I. Defendant's First and Primary Defense of Timeliness is at Once Completely without Merit and Sanctionable Based on the Email Chain Between Intervenor and Administrator Agent/Processor Diane Wood.
The application was complete on or about 15 December, 2011 yet Defendants failed to process the application. During the pendency of the application Ms. Wood told Intervenor to keep the emails coming because her department was trying to substantiate the problem so that they could get help correcting it.
On January 23, 2012: Betty King info.
I know I am blowing up your email, sorry. I also know you've got about a billion other things on your plate as well.
On January 18, 2012: Any word yet on Betty King app?
On 16 Dec. 212 Diane Wood sent a confirmatory email regarding the last document, i.e. the Divorce Decree:
The package will expire on Sunday January 15, 2012 at 08:22:55 EST5.
On 15 December Intervenor provided the last necessary document -- the divorce decree:
On 14 Nov. 2011 Intervenor wrote: Betty King updates -- final docs for Title XIX
1. Foreclosure: I found the Sheriff sale proof online and it is attached. Please confirm you can open and read it.
2. U.S. Bank: The package was sent and is at my apartment awaiting my return on Wed night or TH morning -- I will overnight to you.
3. Divorce Decree My father is going to fax to me shortly and I will scan and send in the next 48 hours. 4. W-1SA: Calling you now I need to find this document and send it to you. Will call you again to find it. That should complete everything. Again Diane thank you for your help. Sincerely,
On 22. Nov. Intervenor wrote: The Application. Note that this email contained the W-1.

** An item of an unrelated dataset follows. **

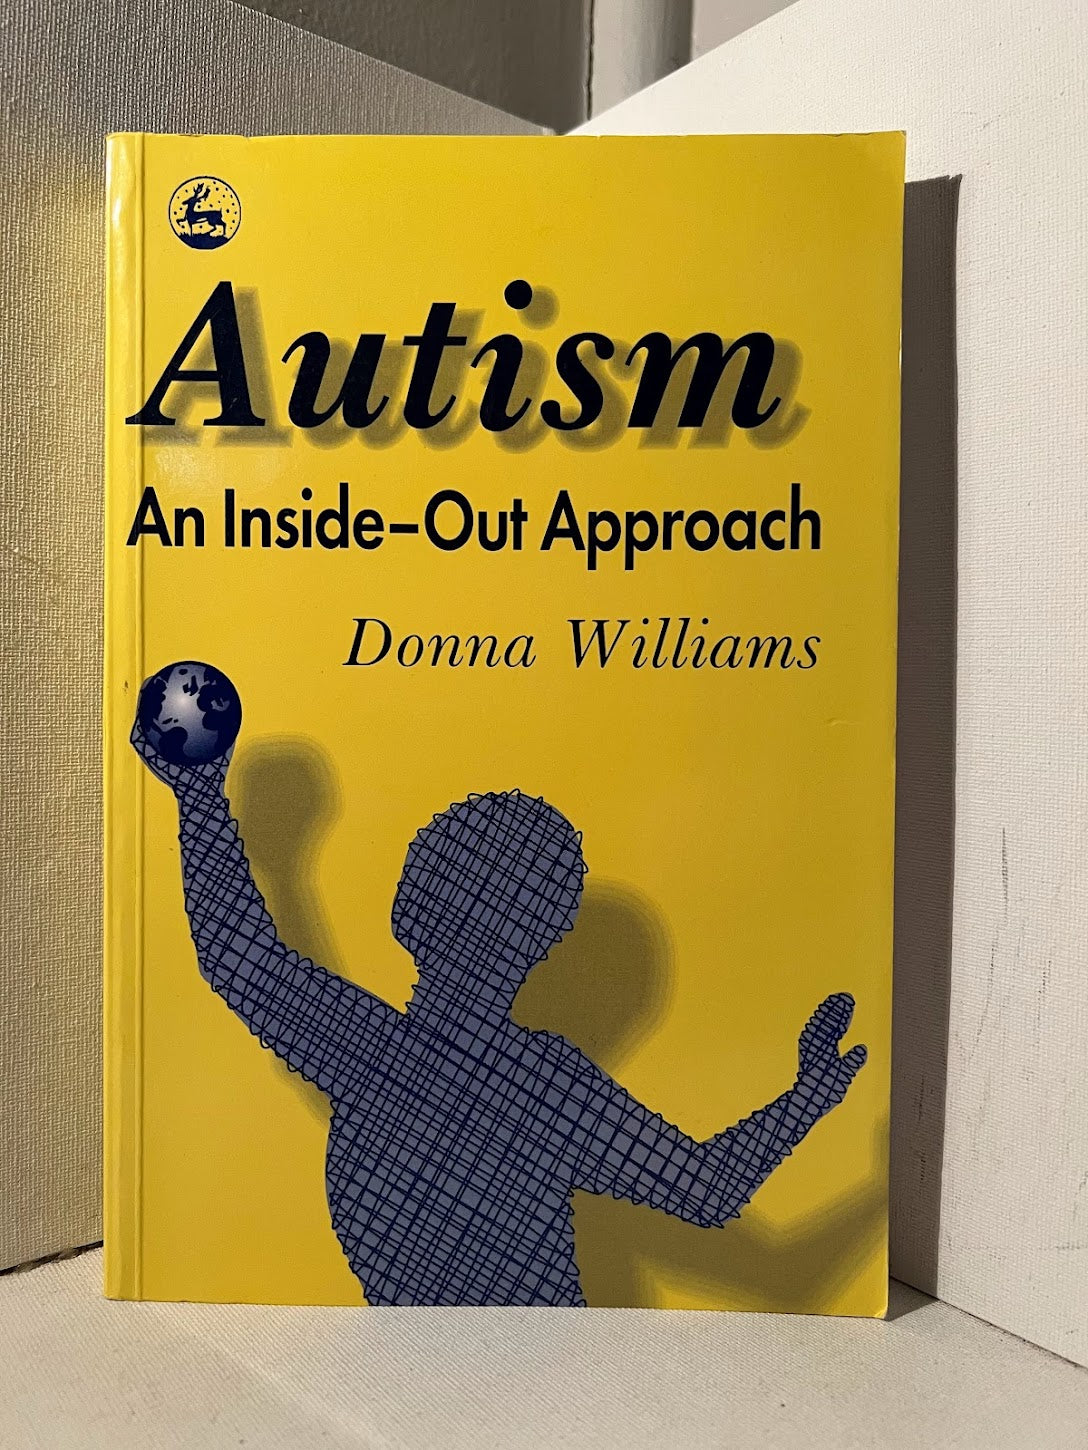 Autism: An Inside-Out Approach by Donna Williams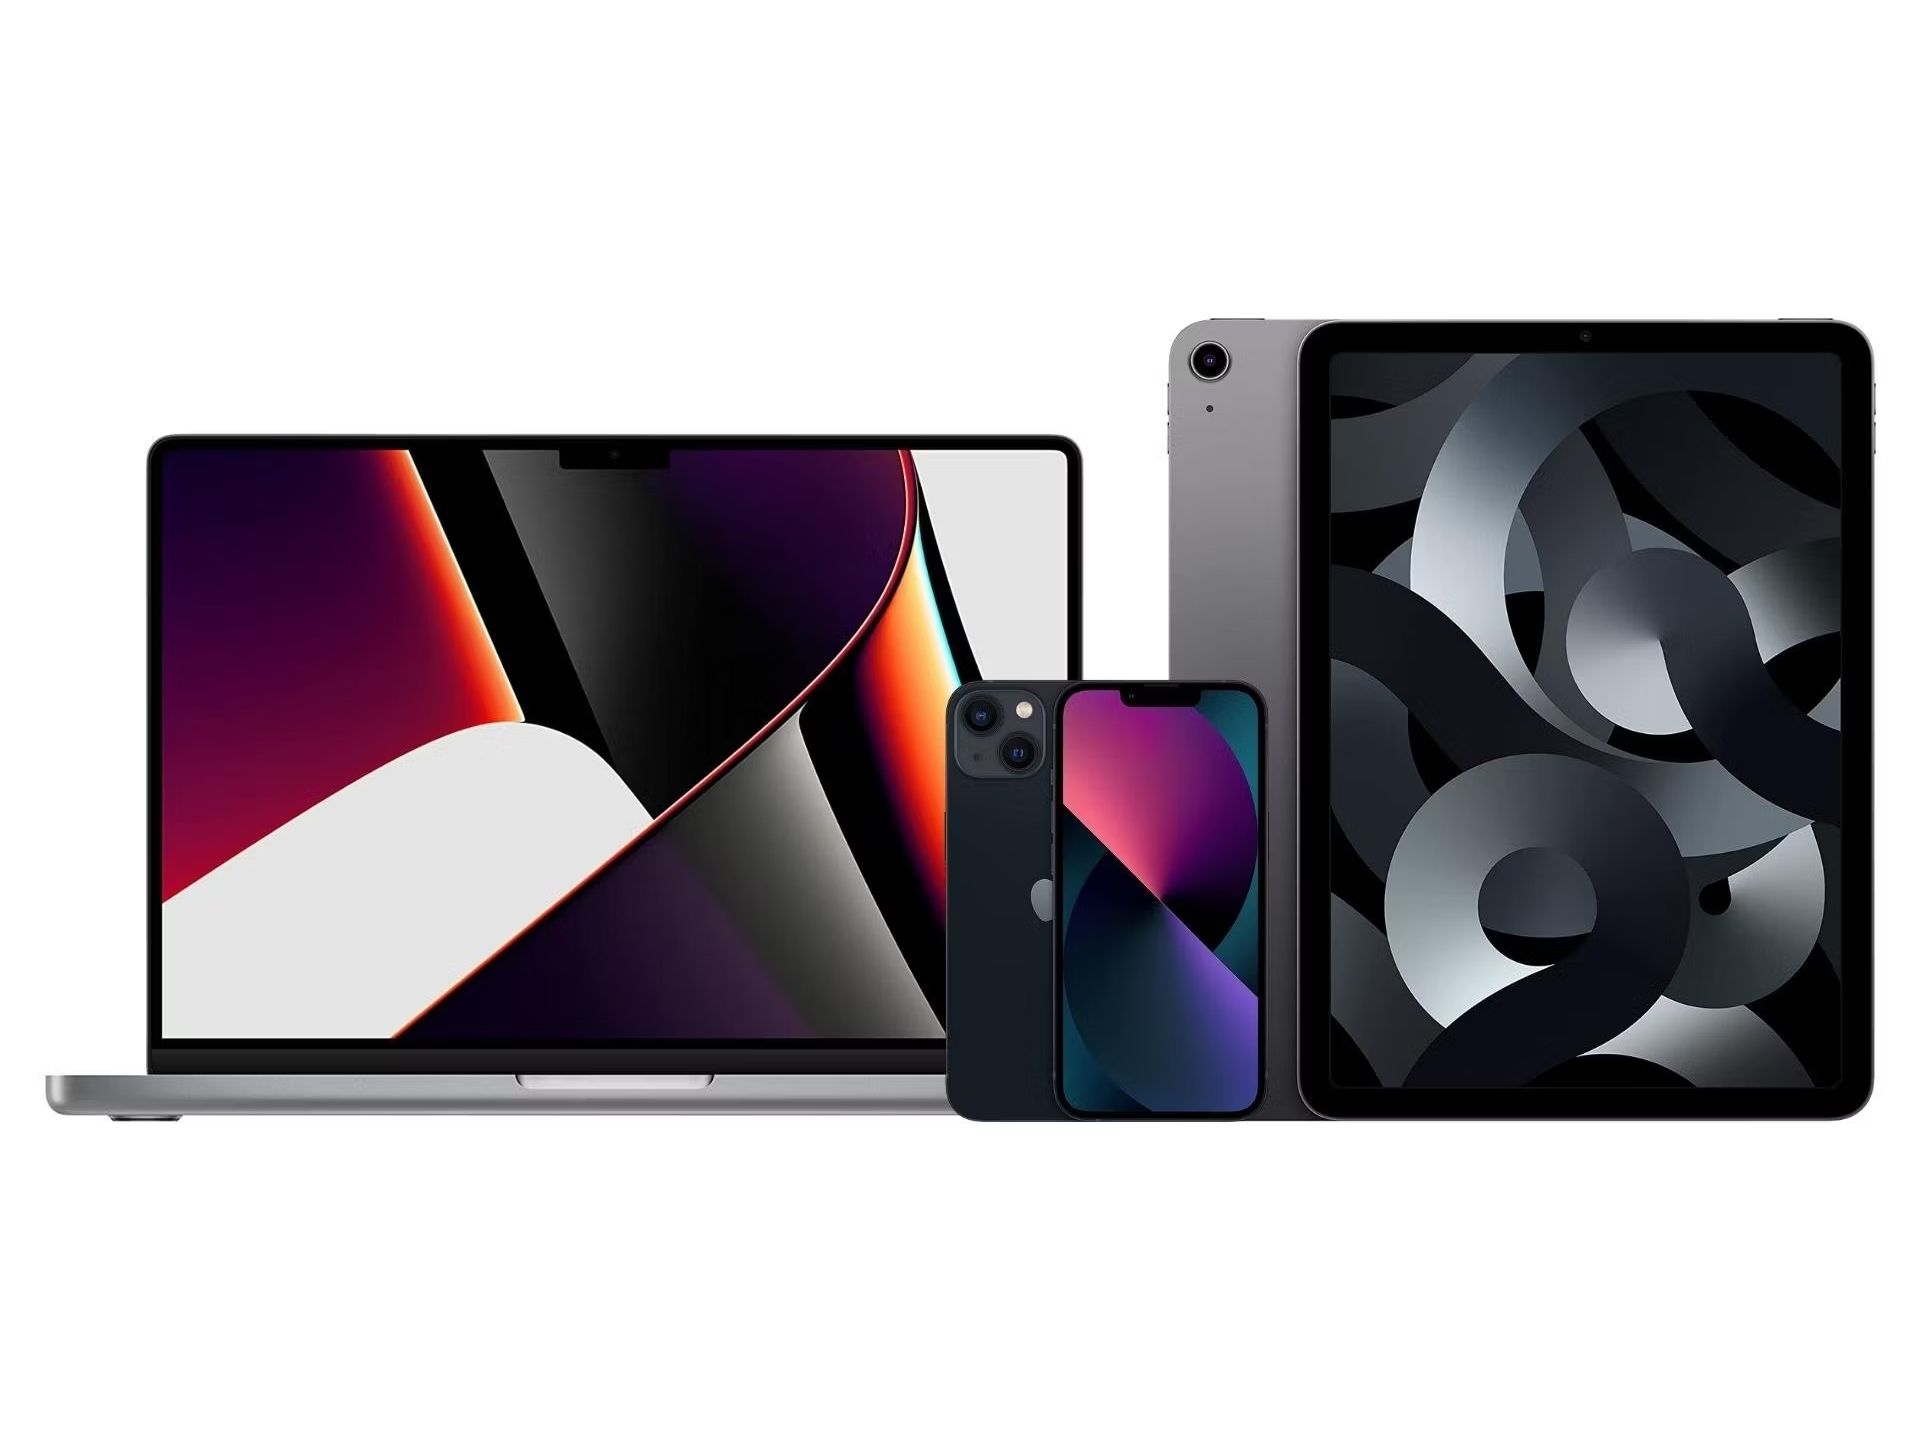 Resized Apple ecosystem devices

That is why on 20 Jan, 2012 Intervenor wrote Diane Wood:
Hi Diane, I was just looking at the submission.... is there anything more that we could do. I'm stressing. Thanks and have a great weekend.
Intervenor's sister wrote on the same day: Thanks Chris, good follow up. We are both concerned about the process and outcome. Thanks for your attention to this matter.
27 August: Hello Ms. Wood, We are all concerned about our mother and this process. Do you have any more news or information for us? Thank you in advance. Sincerely,
From Intervenor's sister: Thanks for the note Chris. Ms Wood as Chris stated we are concerned and I do not understand why this had not been resolved. We would like a full accounting of the procedures and the plans to get this approved or what has to be done to escalate it. At this stage we can no longer continue waiting.
As such, Defendant's first Defense is clearly without merit and this Court must issue a stern rebuke to Defendants via the immediate imposition of sanctions.
II. Defendant's Second Defense Regarding Commonality of Actions is Clearly Without Merit.
Intervenor submits that this purported defense is almost as lame as the first one because it is in effect a restatement of the first one. This litigation involves failure to timely process a Title XIX application. The application was 100% complete on 15 December, 2011 and Defendants are attempting to obfuscate this issue with an Affidavit by a person with no first hand knowledge of the communications. That Affidavit must be summarily stricken from the Record and Intervenor must be granted approved status immediately.
Further, should the Court have any doubts or questions whatsoever, Intervenor will appear Under Oath at a proper evidentiary hearing. Perhaps Defendants will bring Ms. Wood to such a hearing, instead of some would-be intervenor with no first hand knowledge of the facts.